Enter bean-to-bar chocolate. This name is just a description of the process - chocolate that is produced directly from cacao beans as opposed to bulk mass - and this small-scale production gained popularity because differently sourced beans carry different flavor profiles. However, what emerged is better sourcing information, and even growers producing their own chocolates, so although something labeled "bean-to-bar" does not promise better labor practices, many small scale producers celebrate the fact that their chocolate has been sustainably and ethically sourced and provide that information to consumers.
One of the most exciting chocolate brands we have been introduced to is To'ak out of Ecuador, who call themselves "tree-to-bar" producers.

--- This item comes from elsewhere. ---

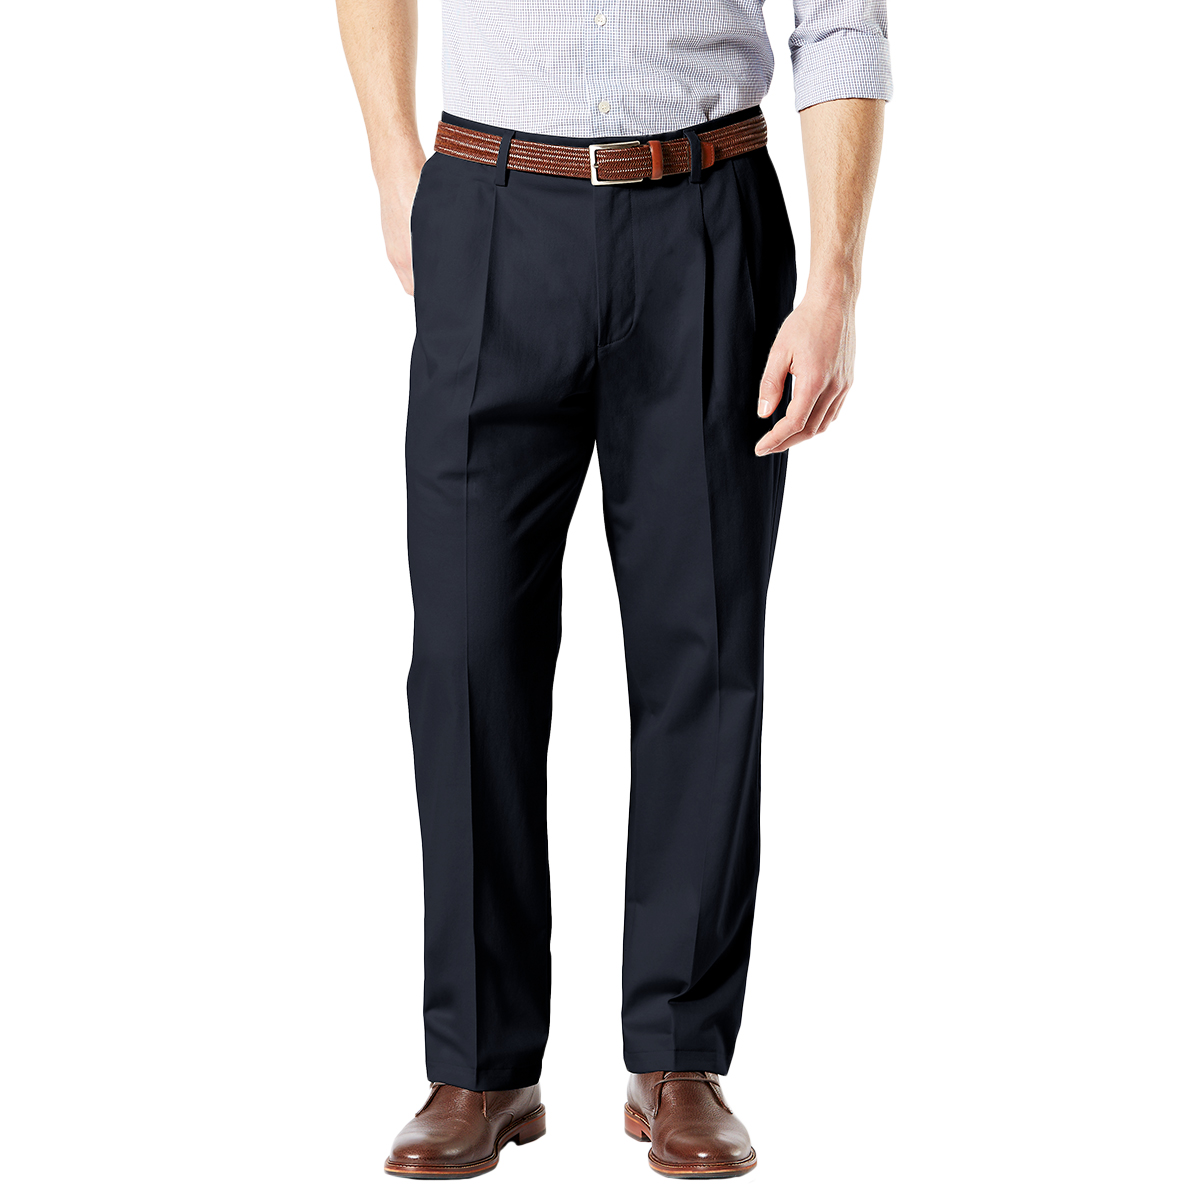 Dockers Men's Classic Fit Signature Khaki 2.0 Stretch Pleated Crease Pants

They are known as a luxury brand, and some of their offerings are absurdly expensive ($450 absurd), but many are quite reasonable in cost for what they are offering ($20/bar reasonable). To'ak started as a rainforest conservation project. The Ecuadorian cacao variety called “Nacional” traces its genetic lineage back to the first-known cacao trees domesticated by humanity, about 5,300 years ago, and today it is on the brink of extinction.
I immediately liked To'ak because they pay cacao growers the highest prices of any chocolate company I've come across: 3-9x more than the Fair Trade price. I personally like knowing that my dollars are supporting the laborers and not just the capitalists. But one To'ak line got me really excited, their Alchemy line designed in collaboration with Chef Charles Michel. I was first introduced to Chef Michel through the Netflix international cooking competition the Final Table. It was clear that he was passionate about food as a connection to nature and I immediately was drawn to him and his style. THEN he cooked with chapulines! I am used to periodically seeing insects pop up on cooking competitions and other food shows, but they are often featured in the Halloween episode, or generally sensationalized, but Chef Michel spoke about them respectfully without any exoticization. And he made them delicious! He won that week's challenge. I personally believe that the acceptance of insects as food is going to be largely reliant on chefs capturing their unique flavor profile and giving people cravable food experiences they can't find with any other product.
So I was super excited to see he was not only involved with To'ak but that he helped create an Amazonian ants chocolate. And oh my gosh, is the product sublime. Ants are notable for having formic acid as a chemical defense mechanism and pheromone communicator, which gives them an acidic, citrusy flavor. This chocolate plays with this flavor so well, and it is the distinct anty acidity that is left on your palate at the finish. It leaves you wanting to go back for another taste - the ants make you want to go back - and that's what we need more of in this edible insects movement.
Julie Lesnik received her PhD studying the role of termites in the diet of fossil hominins and has since started exploring insects as food more broadly.